Open AGBrown opened this issue 8 years ago • 7 comments

If I do:

mkdir test
cd test
git init
git flow init -d
git flow config set versiontagprefix v
git flow feature start test
echo test > test.txt
git add -A
git commit -a -m "test commit"
git flow feature finish --no-ff
git flow release start 0.0.0

Then the branch is created as release/0.0.0 and not release/v0.0.0:

Switched to a new branch 'release/0.0.0'

The prefix config has taken effect though as when I then do

git flow release finish
  • The tag is named v0.0.0.
  • The branch -> master merge message still says Merge branch 'release/0.0.0'
  • The tag -> develop merge message still says Merge tag 'v0.0.0' into develop

Would it be less confusing to name the release branch in the same way as the tag? i.e. release/v0.0.0 and not release/0.0.0?

As it currently stands we aren't using git flow config set versiontagprefix v as it means people aren't sure if they should start release 1.0.0 or start release v1.0.0 (which would then end up with a tag called vv1.0.0)

AGBrown avatar Sep 06 '16 23:09 AGBrown

I can see the confusing it could bring. Could you live with a configuration setting that you could set to make this happen?

Something like git flow config set useversionprefixwithbranch true

That config could be set local,global or system wide.

petervanderdoes avatar Sep 07 '16 18:09 petervanderdoes

Could you live with a configuration setting that you could set to make this happen

I could easily live with that. My concern about suggesting we make it add the prefix to the branch version number is that it is essentially a breaking change - suddenly other people would see the behaviour change if they were using the prefix in its current form.

Would other people understand how it works? As long as we updated the documentation e.g. this that should be ok.

As git flow is about standardising workflow (individually and across a team), then it would be nice if it standardised version prefixing. Ideally I think the logic would be:

  1. If no prefix is set in the configuration, then its up to the user to set the prefix when doing git flow release start <prefix><version number>
  2. If a prefix is set in the configuration, then:
    • if the user forgets a prefix during git flow release start then it adds the prefix to the branch name and tag
    • if the user specifies the prefix during git flow release start, it doesn't duplicate it on the branch name and tag (like it currently does with the tag)

AGBrown avatar Sep 08 '16 09:09 AGBrown

FWIW, I just realised that it looks like this repo could also benefit from this kind of standardisation:

  1. 1.8.0
  2. v1.9.0 <-- oops
  3. 1.9.1

This standardisation of version number format trips me up all the time - it would be nice if it was part of the overall gitflow workflow standardisation.

AGBrown avatar Sep 08 '16 09:09 AGBrown

Forgot to include this in the release

petervanderdoes avatar May 20 '17 01:05 petervanderdoes

IMO this is proper behavior.
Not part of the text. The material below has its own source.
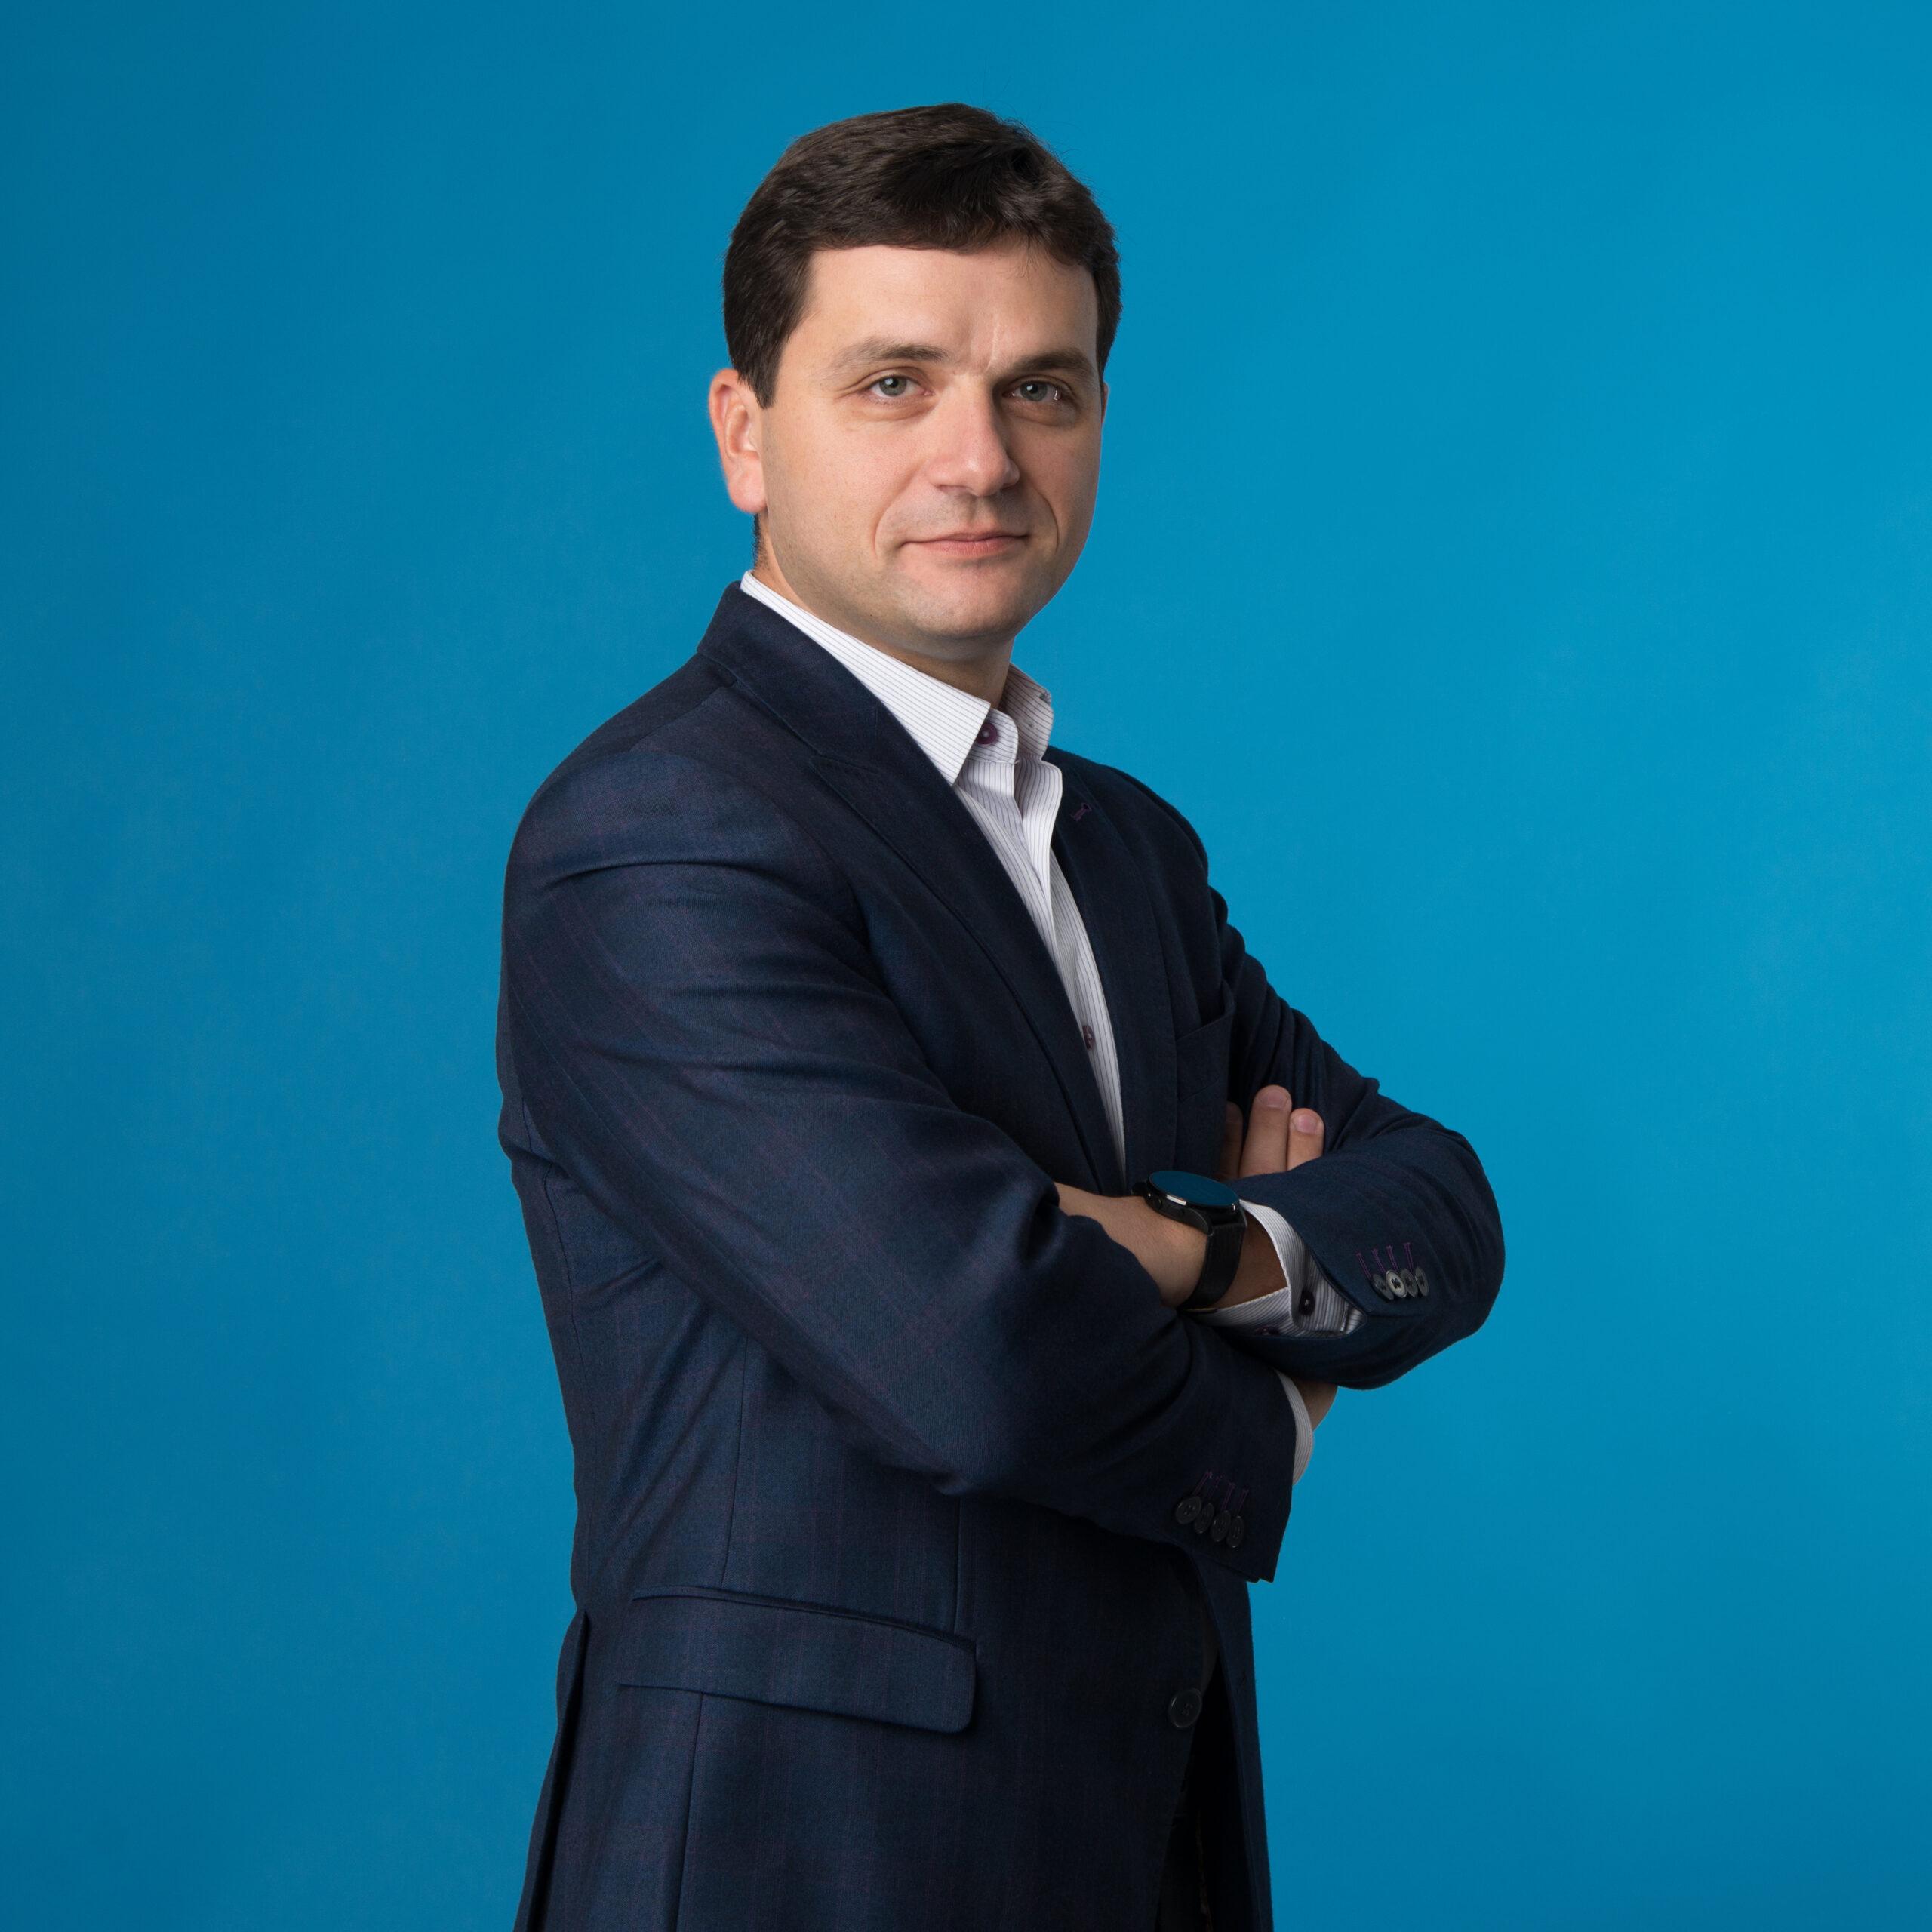 Alexandru Lăpușan, CEO Zitec: Prin sistemul Recommendations AI câștigă atât cumpărătorii, cât și comerciantul, al cărui volum de vânzări crește semnificativ

Tag prefix is configurable so appending it to branch's name would kill its purpose. Imagine scenario: you do git flow init with empty prefix, you create release/1.0.0 branch but then you realize you want v prefix, so you change your config - if prefix wasn't added when release is finished, you wouldn't get v1.0.0 tag from existing branch. Changing configuration would make effect only on future releases and hotfixes. I think it's wrong. Version used in branchs' names should be "bare", prefix should be applied at the moment of creating tag.

Wirone avatar Dec 05 '18 09:12 Wirone

BTW. inconsistency in this project's tags may be result of maintaining repo by multiple users with different configuration, single person who changes configuration or... Git Flow binaries are not used while maintaining this repo ;) And probably that's the case.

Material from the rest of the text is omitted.